Tick-borne rickettsial diseases continue to cause severe illness and death in otherwise healthy adults and children worldwide. The incidence rate of rickettsial diseases significantly increased in the past six years with case fatality rate as high as 10%. Patients with rickettsial diseases respond well to doxycycline if the antibiotics are administered early. However, doxycycline is not appropriate for patients in pregnancy or under age of 5 years old. Therefore, host-mechanisms based therapeutic interventions are urgently needed. Our long term goal is to study the key host molecules by which obligately intracellular bacteria, rickettsiae, evolve to establish their infection niche in mammalian host cells. These studies will provide insights into novel immune therapeutic interventions. The objectives of this proposal are to reveal the mechanisms by which R. australis subvert autophagy to facilitate infection in macrophages. The hypothesis to be tested in this proposal is that R. australis modulates and exploits Atg5-dependent autophagy to facilitate infection via inhibiting the maturation of autophagosomes and counteracting host immune controls in macrophages. We will evaluate the potential of autophagy inhibition as a therapeutic strategy against life-threatening rickettsial infection by interrupting the pathways involved in R. australis-induced Atg5-dependent autophagosomes. This project will study this hypothesis utilizing two linked specific aims. Aim 1 will determine the mechanisms by which R. australis induces and subverts Atg5-dependent autophagosomes for the benefit of their infection in macrophages. The role of ULK1 in regulating rickettsiae-induced autophagosomes will be investigated. We will study the involvement of MAVS/IRF7/ISG54 and GTPase Rab 25 in counteracting the antibacterial activity and supporting infection in macrophages. Aim 2 will evaluate the potential of autophagy inhibition as a therapeutic strategy against life-threatening rickettsial infection. We will employ the in vivo mouse model of rickettsial infection to investigate the potential of targeting Atg5 (+) autophagosomes as immune-therapeutic interventions by using specific inhibitors or stimulators of key molecules regulating autophagosomes. It is believed that completion of the specific aims of this proposal may provide novel insights into immuno- therapeutic strategies for treating fatal rickettsioses.
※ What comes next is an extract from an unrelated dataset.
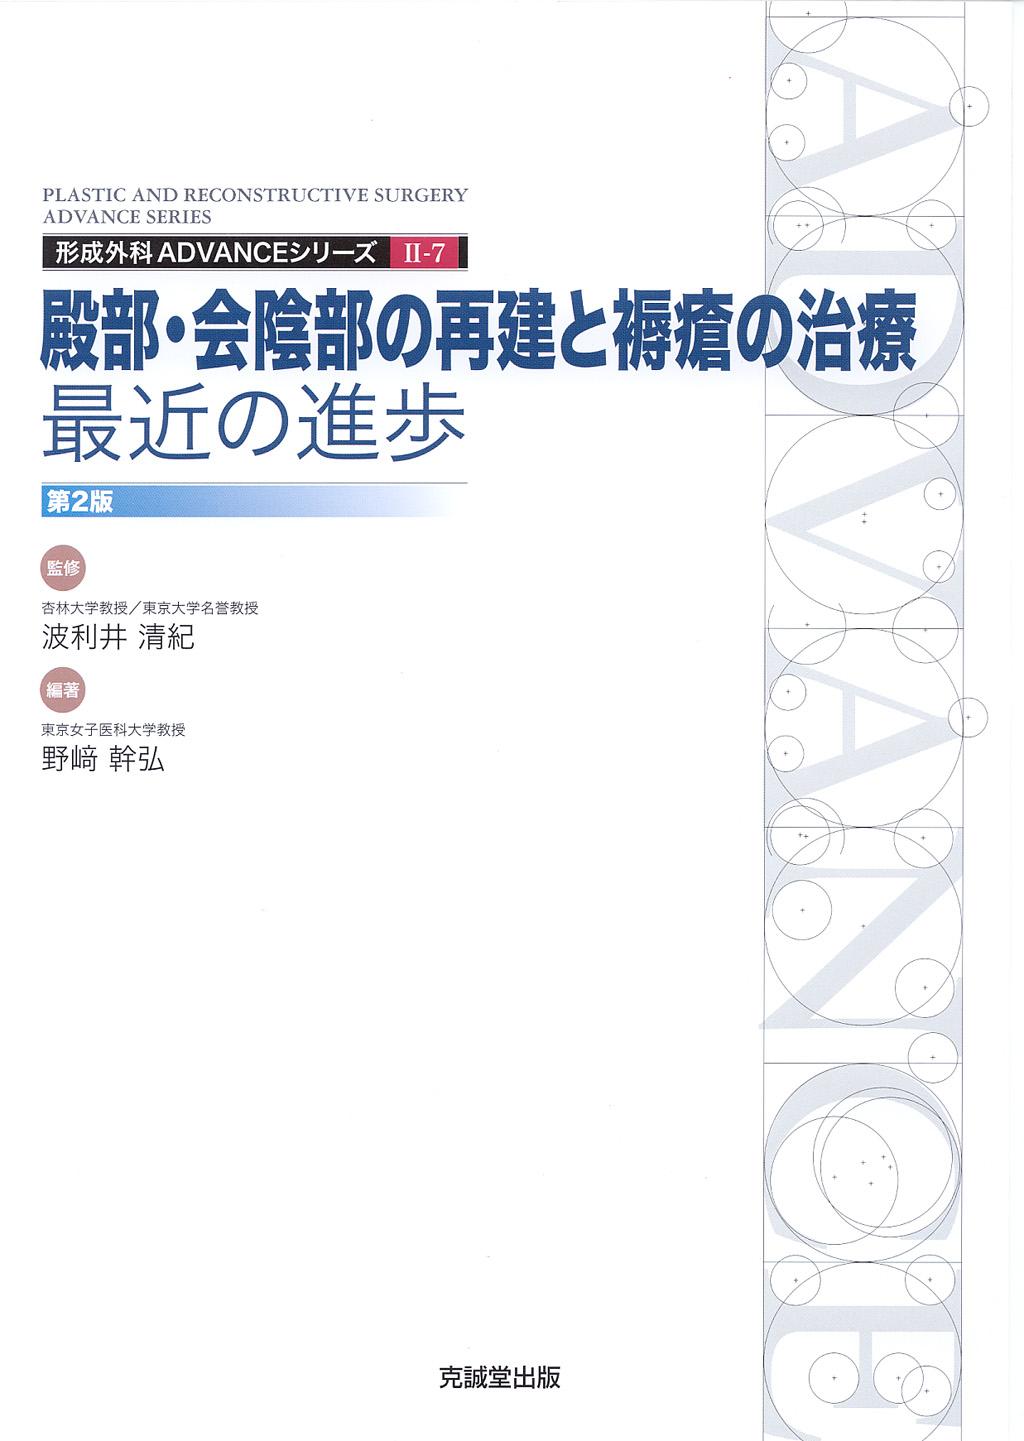 ADVANCE SERIES II-7 殿部・会陰部の再建と褥瘡の治療:最近の進歩 改訂第2版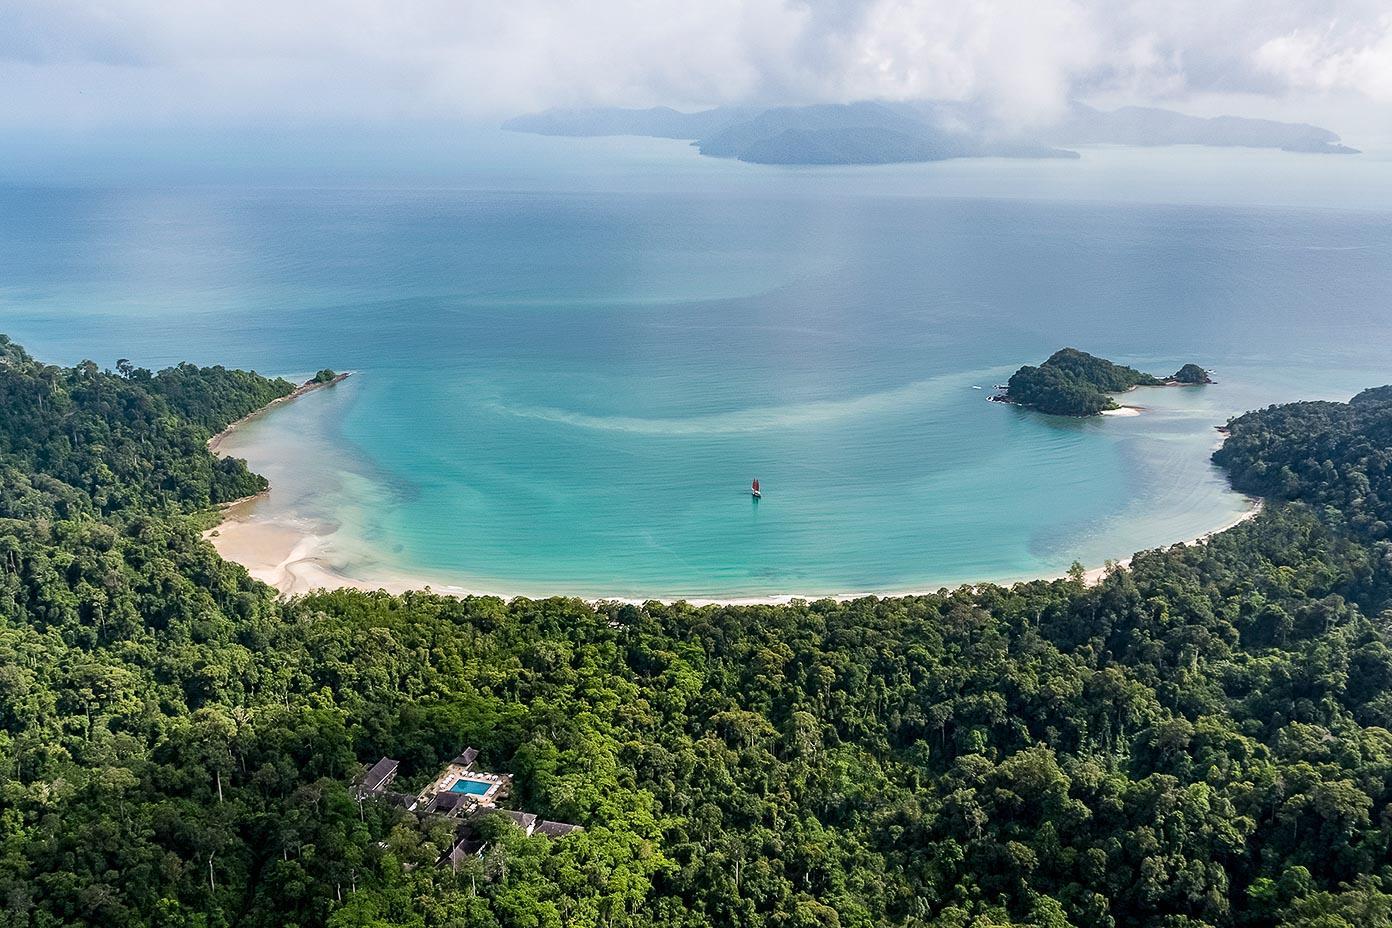 Le décor idyllique de la baie à laquelle The Datai Langkawi donne accès © DR

在健康的成年人中，tick传播的立克疾病继续引起严重的疾病和死亡， 全球儿童。在过去的六年中，立克疾病的发病率显着升高 病例死亡率高达10％。如果抗生素药 提早管理。但是，强力霉素不适用于怀孕或5岁以下的患者 年龄。因此，迫切需要基于宿主力学的治疗干预措施。我们的长期 目的是研究主要的细胞内细菌立克siae的关键宿主分子，以建立 他们在哺乳动物宿主细胞中的感染生态位。这些研究将提供有关新型免疫治疗的见解 干预措施。该提案的目标是揭示R. Australis颠覆的机制 自噬可促进巨噬细胞感染。该提议中要检验的假设是R。 澳大利亚调节和利用ATG5依赖性自噬，通过抑制成熟来促进感染 巨噬细胞中的自噬体和抵消宿主免疫控制。我们将评估 自噬抑制是一种通过中断威胁生命的立克感染的治疗策略 参与澳大利亚菌诱导的ATG5依赖性自噬体的途径。这个项目将研究这个 利用两个链接的特定目的的假设。 AIM 1将确定R.澳大利亚的机制 诱导和颠覆ATG5依赖性自噬体，以使其在巨噬细胞中的感染中受益。这 将研究ULK1在调节立克诱导的自噬体中的作用。我们将研究 MAVS/IRF7/ISG54和GTPASE RAB 25参与抗菌活性和 支持巨噬细胞感染。 AIM 2将评估自噬抑制作用作为治疗的潜力 防止威胁生命的立克感染的策略。我们将采用体内鼠标体模型 感染以研究靶向ATG5（+）自噬体为免疫治疗的潜力 通过使用调节自噬体的关键分子的特定抑制剂或刺激剂进行干预。这是 认为该提案的具体目的的完成可能会为免疫提供新的见解 治疗致命的立克毒素的治疗策略。